On the Tezos blockchain, bakers are entities taking up the role of block creators (they are the equivalent of miners on Bitcoin). A node is therefore not necessarily attached to a baker. However, it is mandatory for a baker to be linked to a node in order to monitor the arrival of new operations, retrieve pending transactions, and thus create and distribute its own blocks when it is selected by the network.
Bakers usually have their own nodes, however, the concepts of ‘bakers’ and ‘nodes’ are distinct. Thus, while a baker always needs to interact with at least one node, a node is independent of a baker and can run by itself.

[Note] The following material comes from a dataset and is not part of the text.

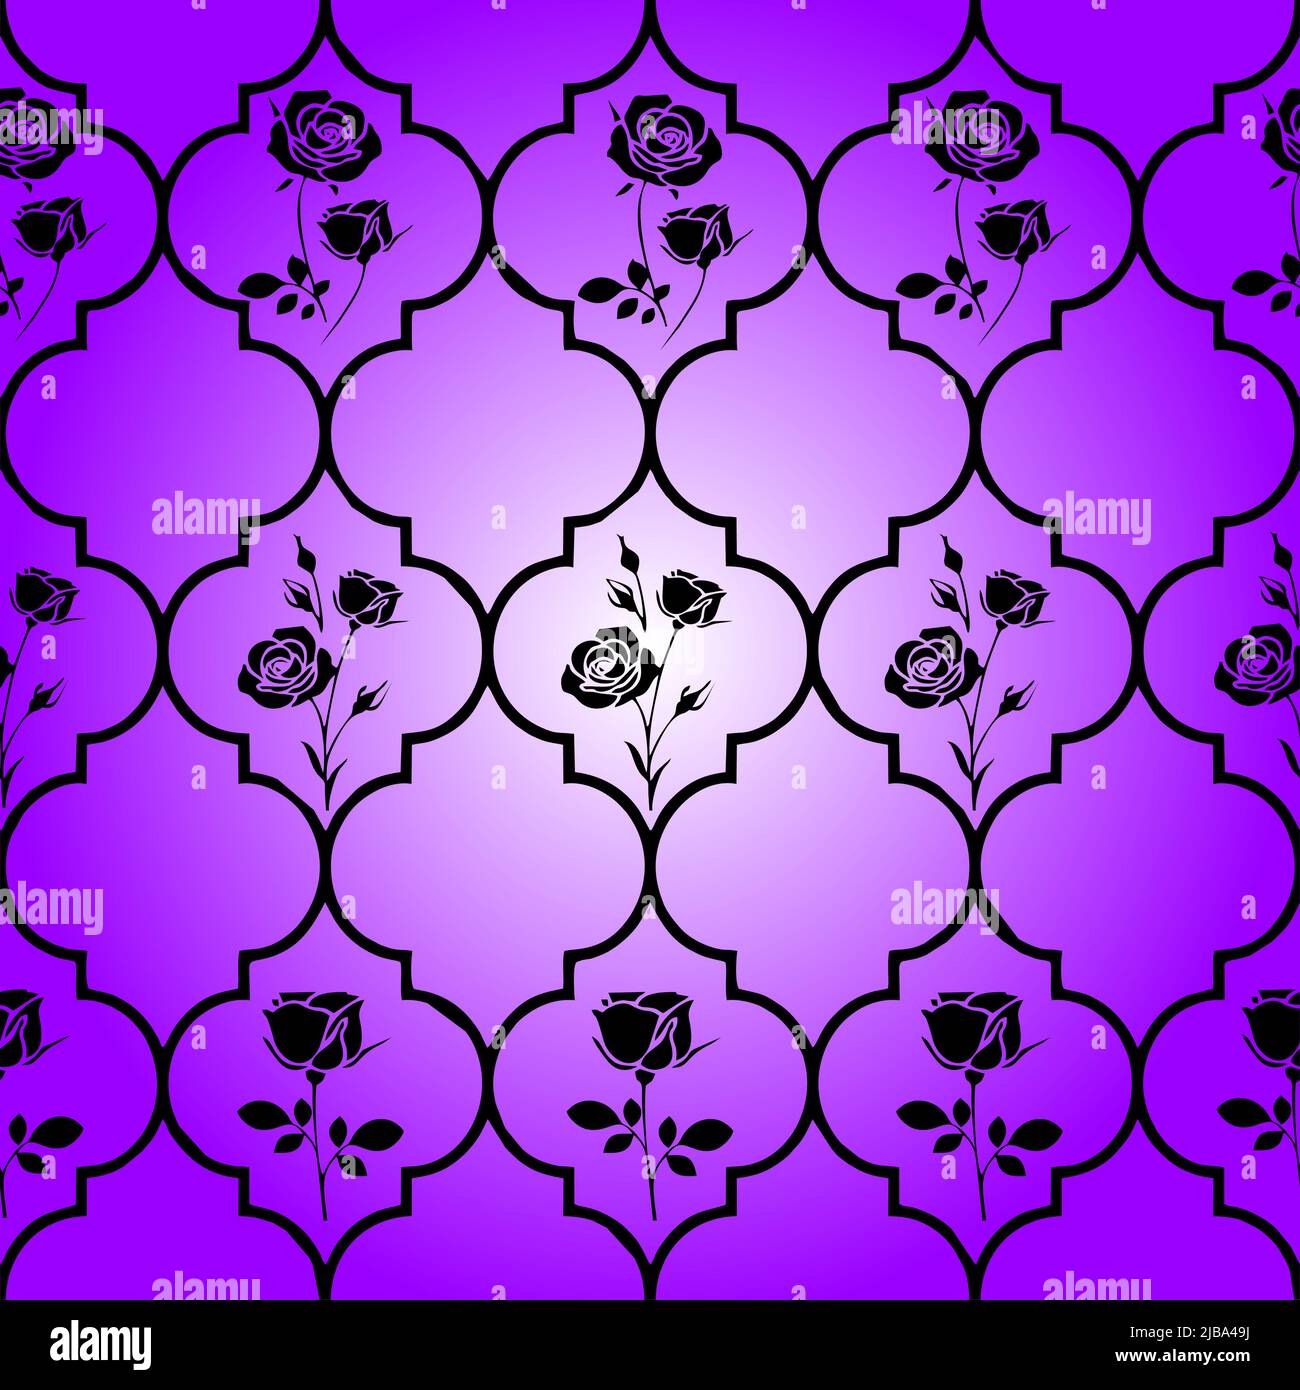 bushy black geometric pattern with floral elements on purple background, tile, symmetrical repeat pattern, texture, design Stock Vector

The different types of nodes

When launching a Tezos node, several configurations allow it to synchronize with other peers of the network. Each node type leads to synchronization, but the synchronization speed varies as well as the data availability. Below are the 3 modes of a node configuration:
  • Archive mode: a node in archive mode stores the entire blockchain state. A node launched on the Tezos blockchain in the archive mode will download the entire chain history since the launch of the network. As of early 2021, the entire blockchain takes about 145GB.
  • Full mode (default mode): a node storing the entire blockchain, without storing the ‘context’ (the blockchain state containing information such as: "Alice's account owns 5") below a certain level called savepoint. It is possible to rebuild an Archive Node from a full snapshot¹.
  • Rolling Mode: the lightest existing node mode, which stores a fragment of the chain, and removes anything before that fragment (blocks, operations, archived contexts).
It is possible to use a snapshot to speed up node synchronization. Snapshots can be used to initialize full and rolling nodes. It is also possible to switch between the different types of nodes.
[1]: A copy of the blockchain’s state at a given moment in time.

Node configuration

The different types of nodes previously introduced allow users to choose the most suitable one depending on the amount of information needed. An indexer (tool allowing to monitor blocks creation, transactions,...), for example, will most likely need an archive node, while a user who wants to experiment with basic nodes deployment may simply use a rolling version.
Launching a node in one of the different modes:
  • 1
    $ tezos−node run −−history−mode [archive|full|experimental-rolling]
    Copied!
    Importing a full / rolling snapshot with the corresponding extension (.roll or .full):
  • 1
    $ tezos−node import snapshot path/to/snapshot
    Copied!
Getting snapshots:
To get freshly exported snapshots of the Tezos mainnet and testnet, It is possible to rely on public node services:

Possible actions with a node

In a blockchain, a node acts as an interface between the user and the peer-to-peer network. The node has two main functions:
  • Information storage: since a node keeps a real-time copy of the current state of the blockchain, it allows fetching information (by using the tezos-client binary) about what is happening in real time. This function, for example, allows feeding indexers, which retrieve information from the nodes and process it to make it more humanly readable.
  • Information transmission: user-initiated transactions go through the nodes before being included in the blockchain. Nodes are thus an entry point for operations intended to be validated by bakers.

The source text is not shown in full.